> INSTRUCTIONS TO FOLLOW
Please restate word for word the lines of the entries below from the one with "Ragazza turistica prendendo" to the one with "Sparkles Sequin Pink", inclusive, and leave out every picture.

> PROVIDED DATA
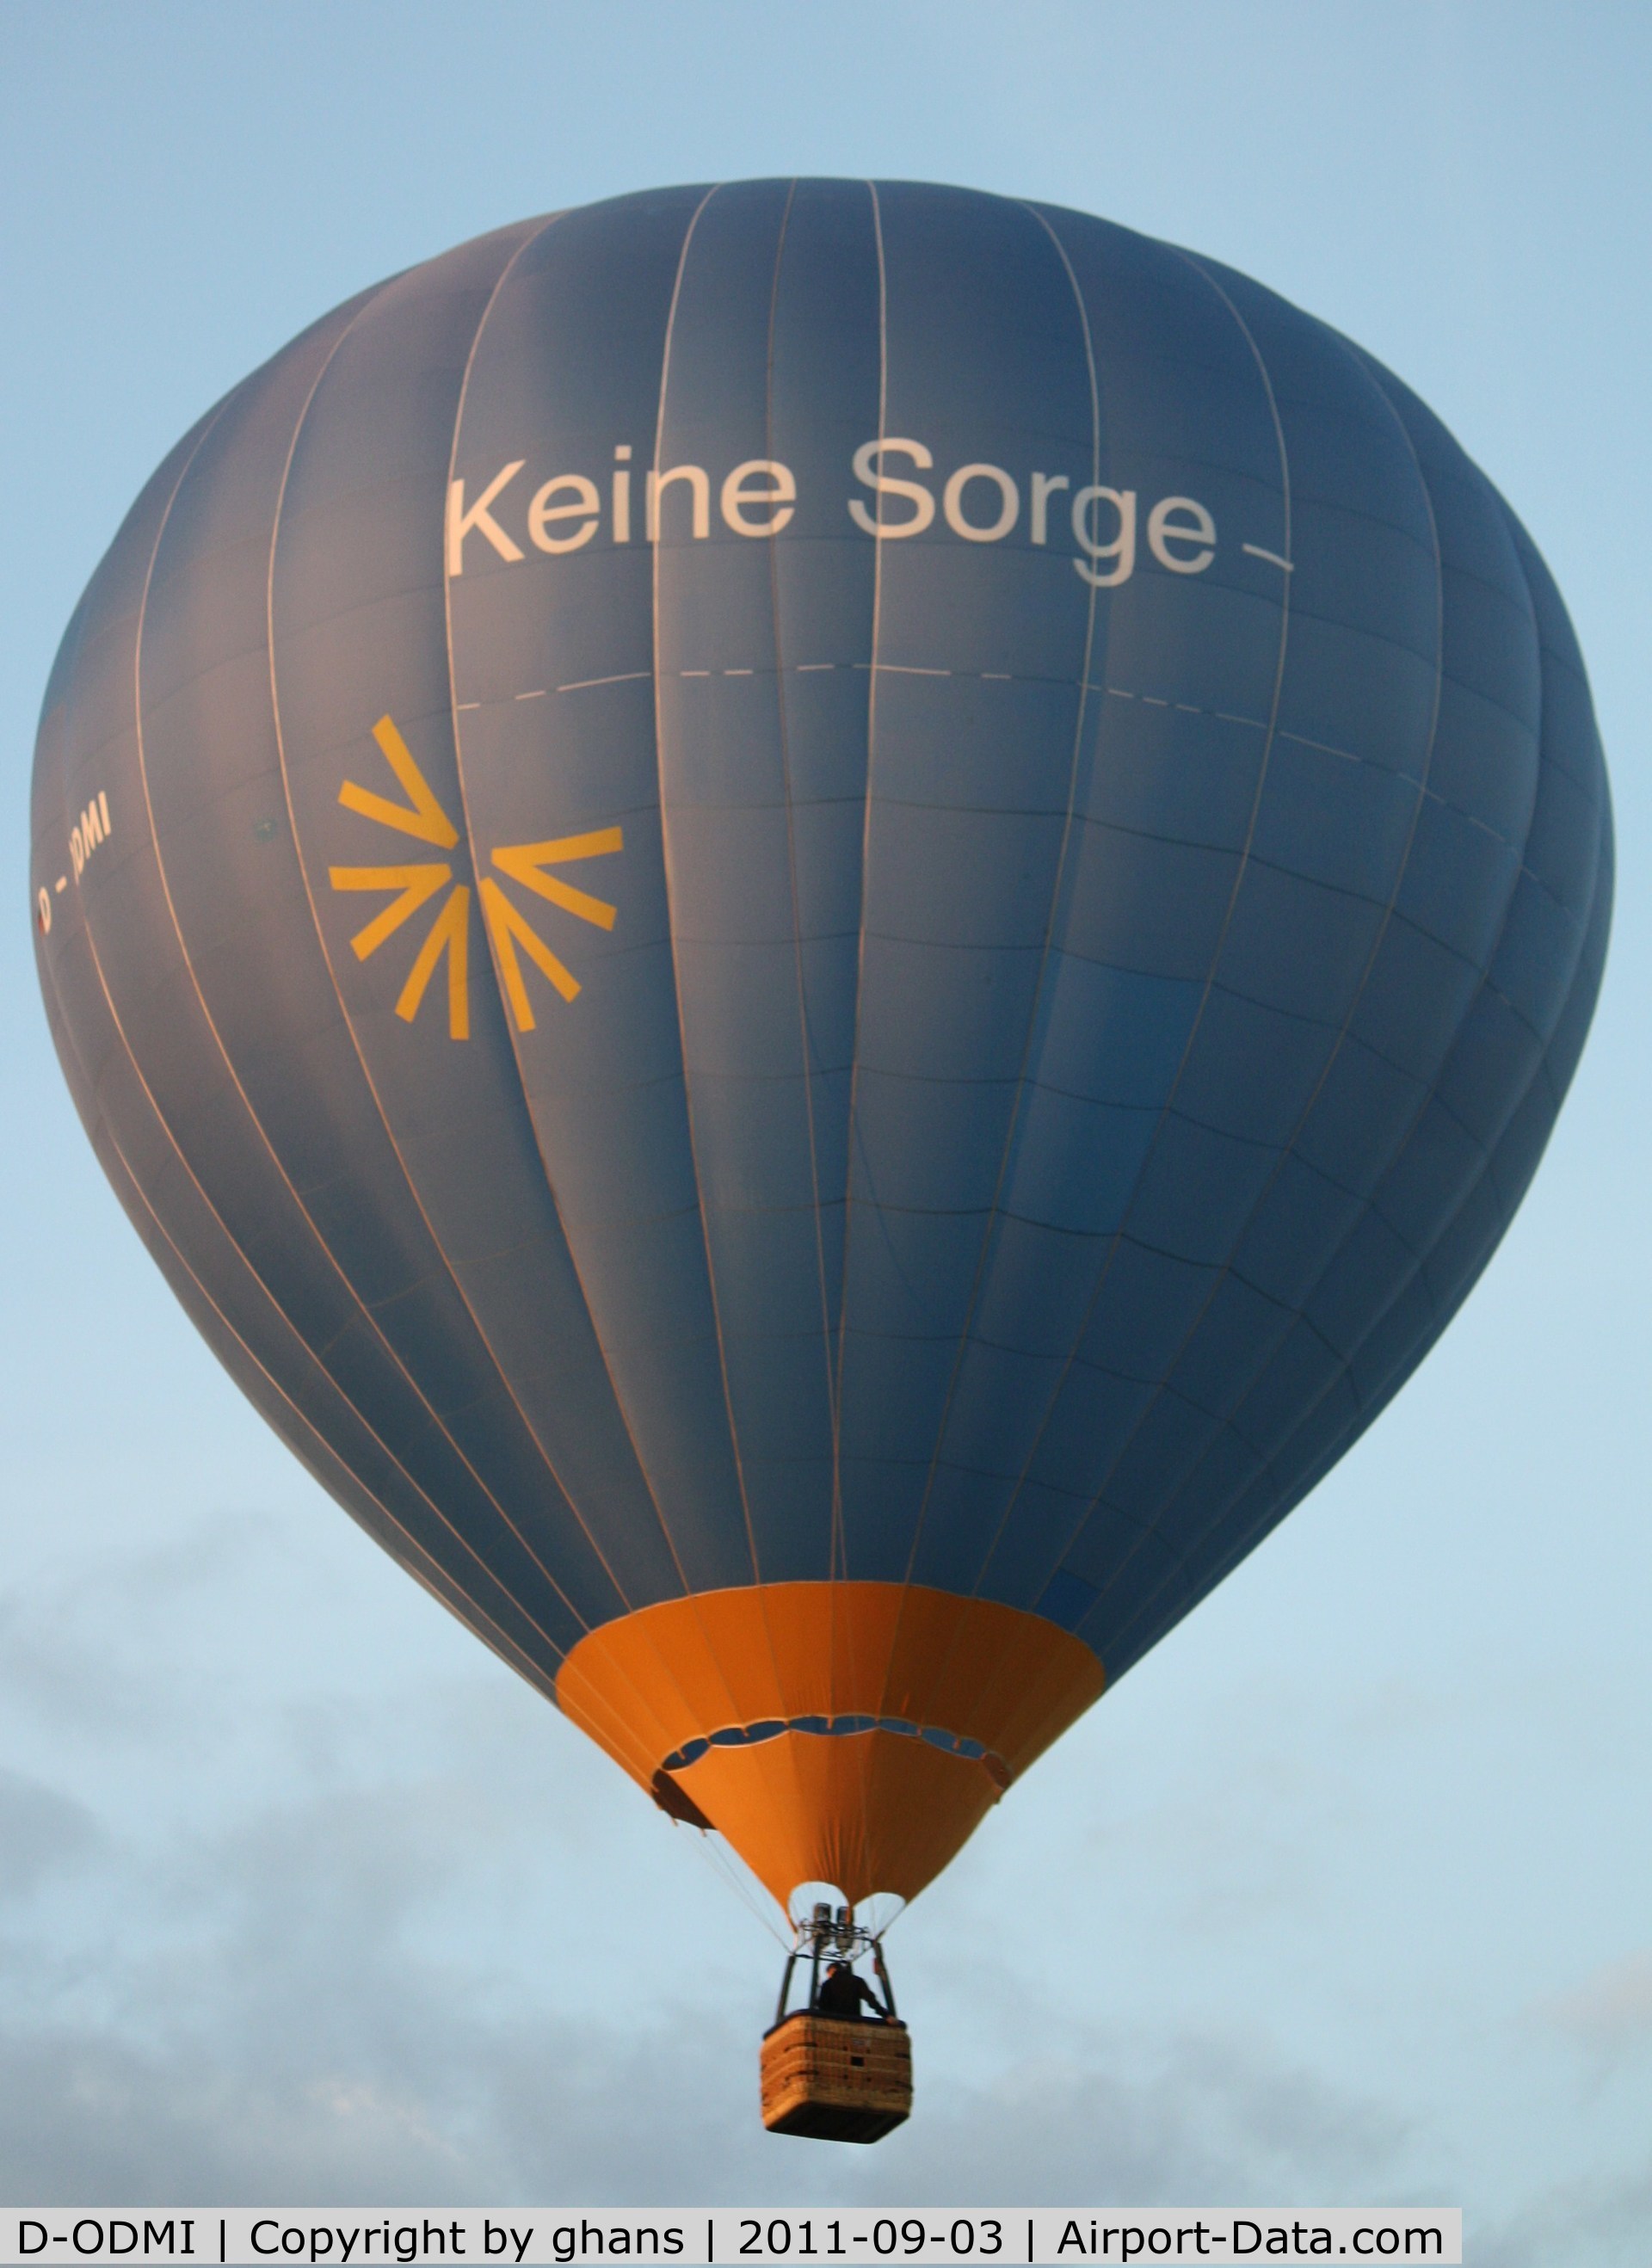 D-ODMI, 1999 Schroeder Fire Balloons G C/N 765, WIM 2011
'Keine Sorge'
==
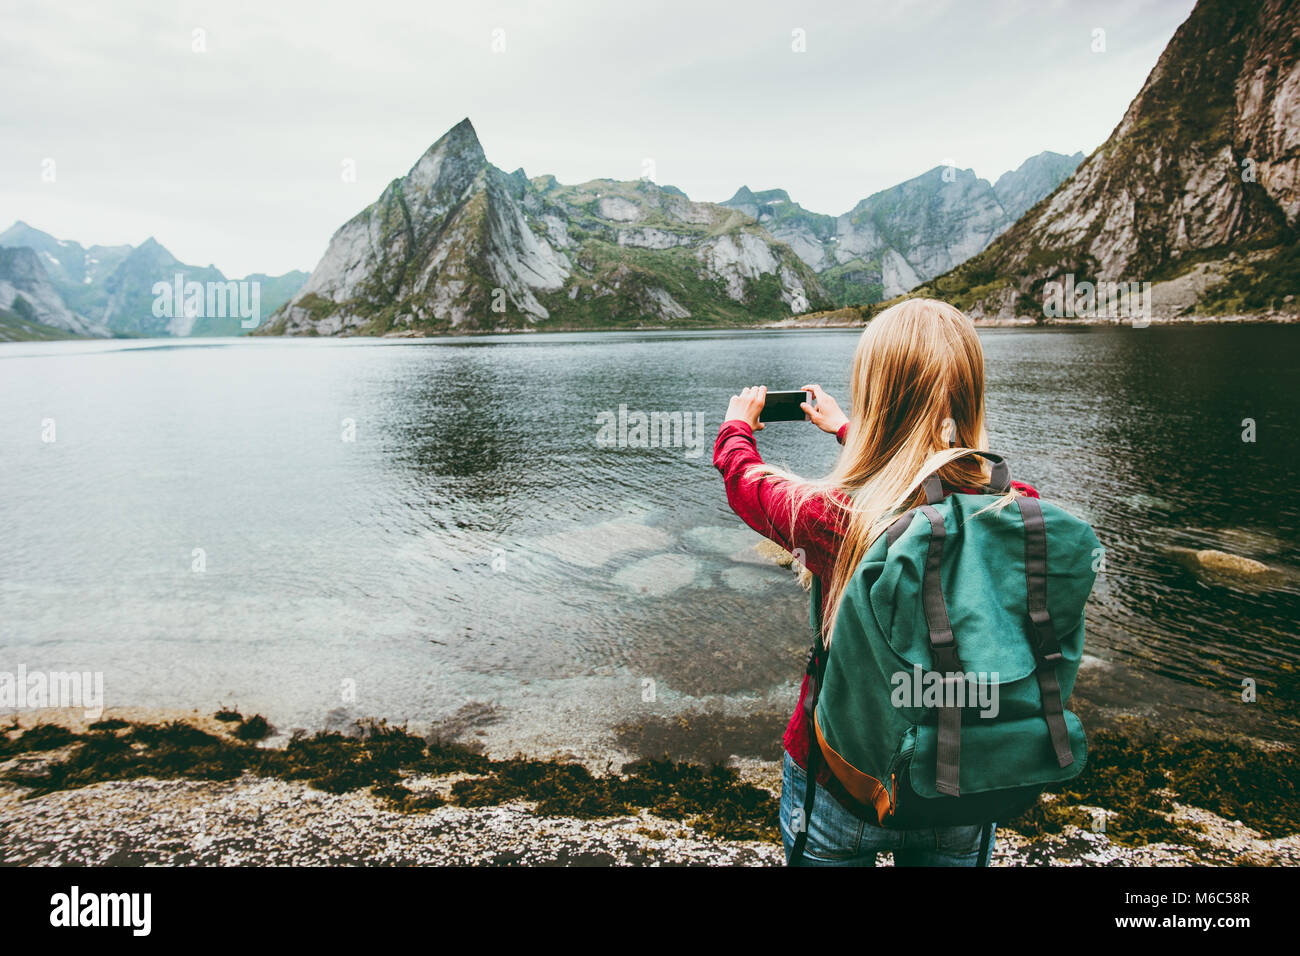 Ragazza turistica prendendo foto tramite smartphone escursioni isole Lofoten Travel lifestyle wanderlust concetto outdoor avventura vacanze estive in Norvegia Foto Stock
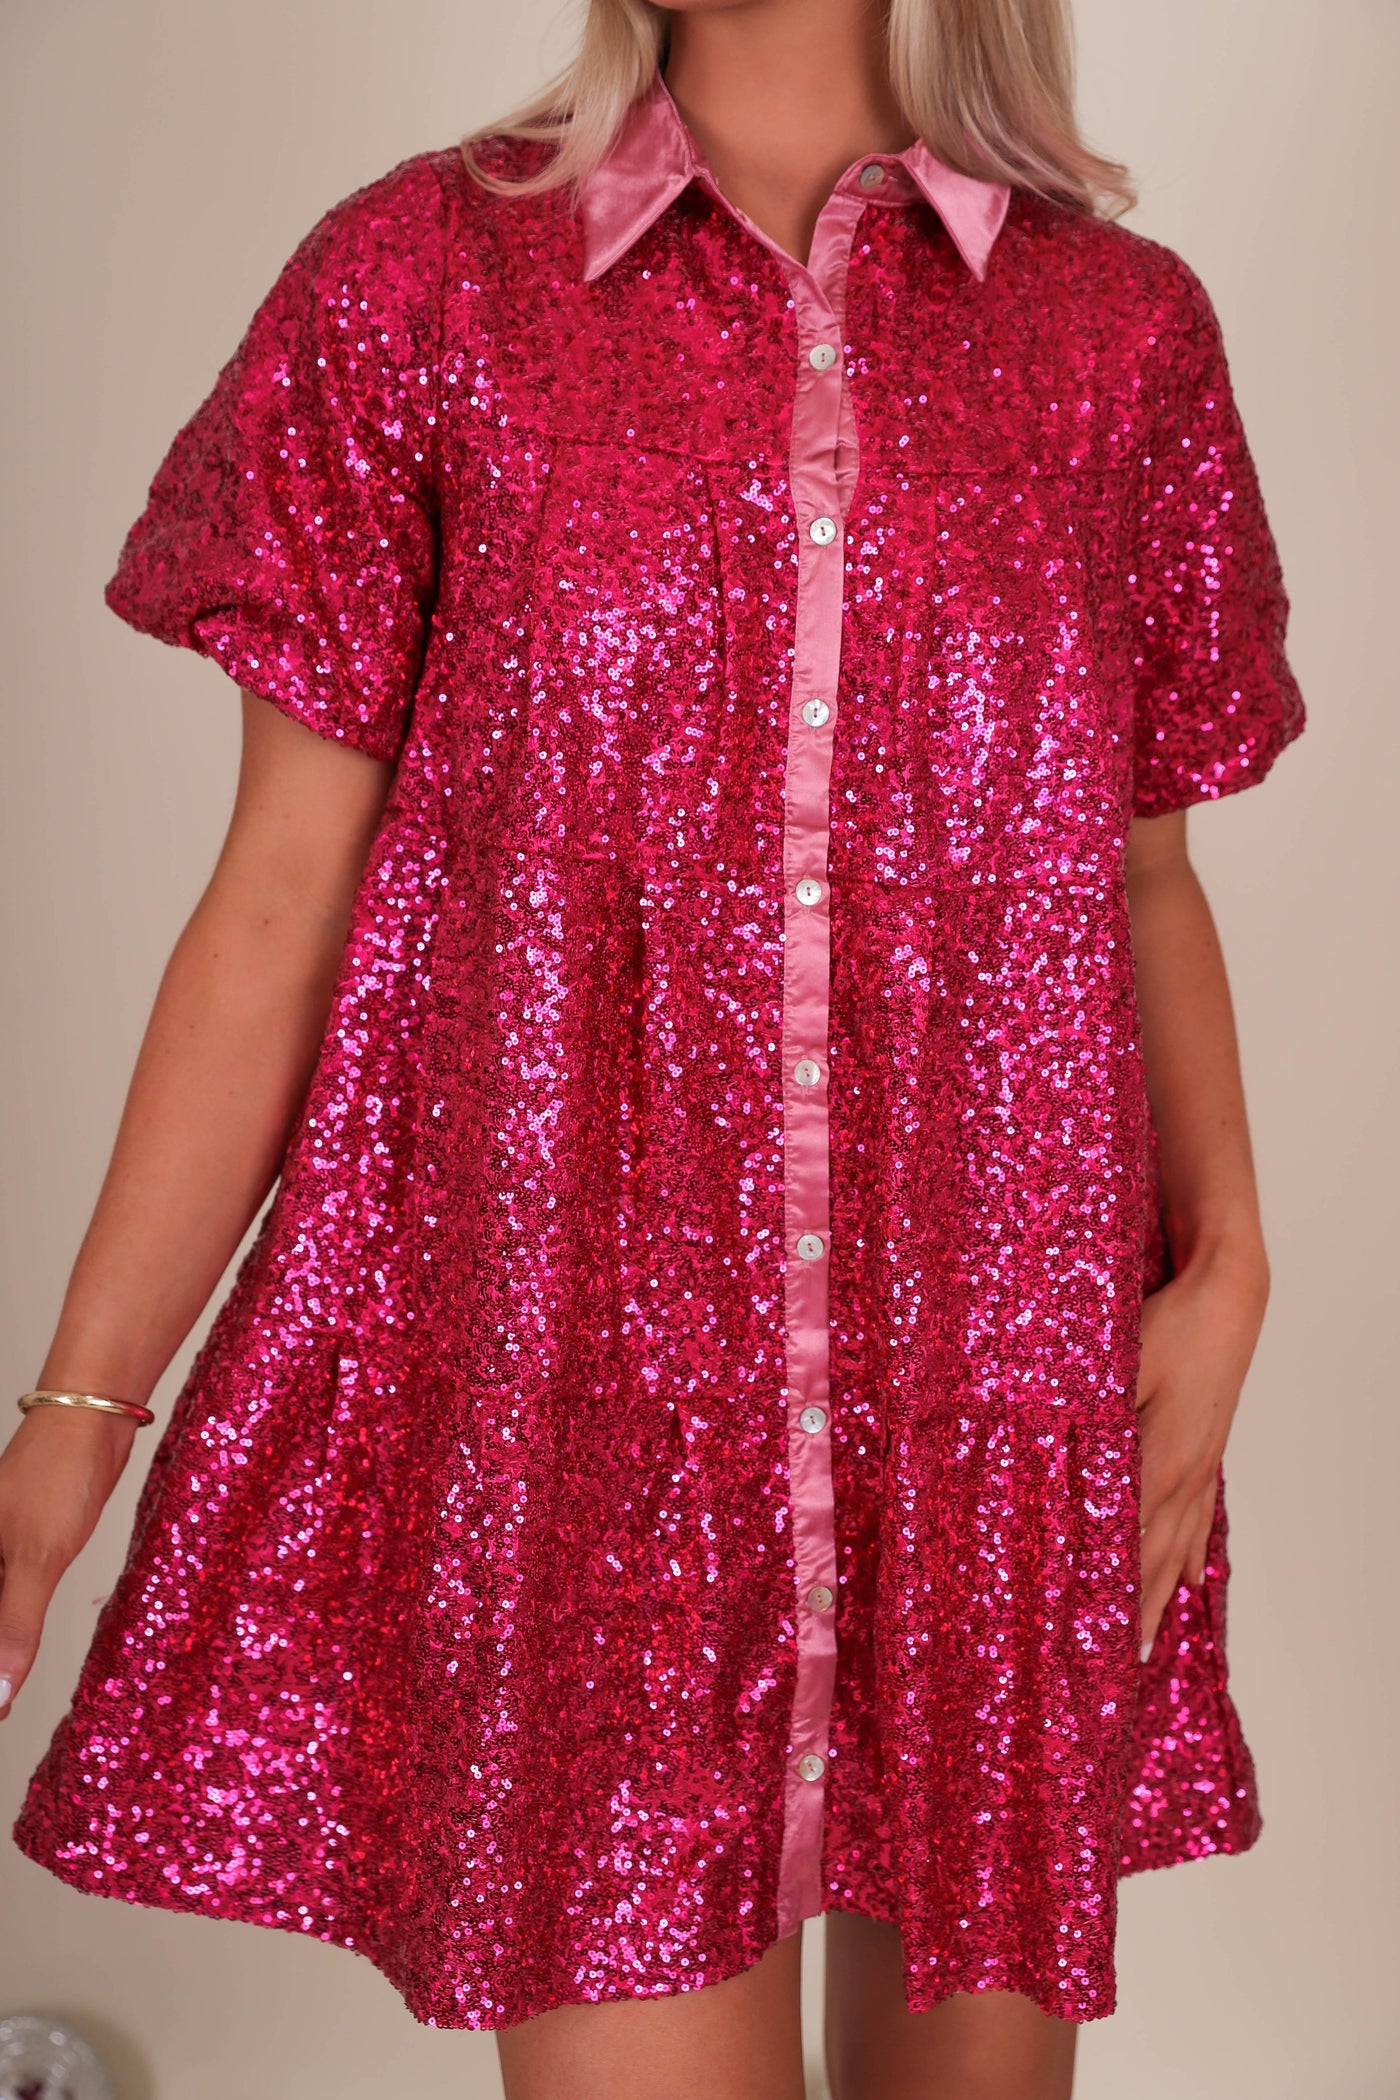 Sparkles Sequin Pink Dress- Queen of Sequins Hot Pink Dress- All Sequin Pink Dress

> TASK SOLUTION
 Ragazza turistica prendendo foto tramite smartphone escursioni isole Lofoten Travel lifestyle wanderlust concetto outdoor avventura vacanze estive in Norvegia Foto Stock
 Sparkles Sequin Pink Dress- Queen of Sequins Hot Pink Dress- All Sequin Pink Dress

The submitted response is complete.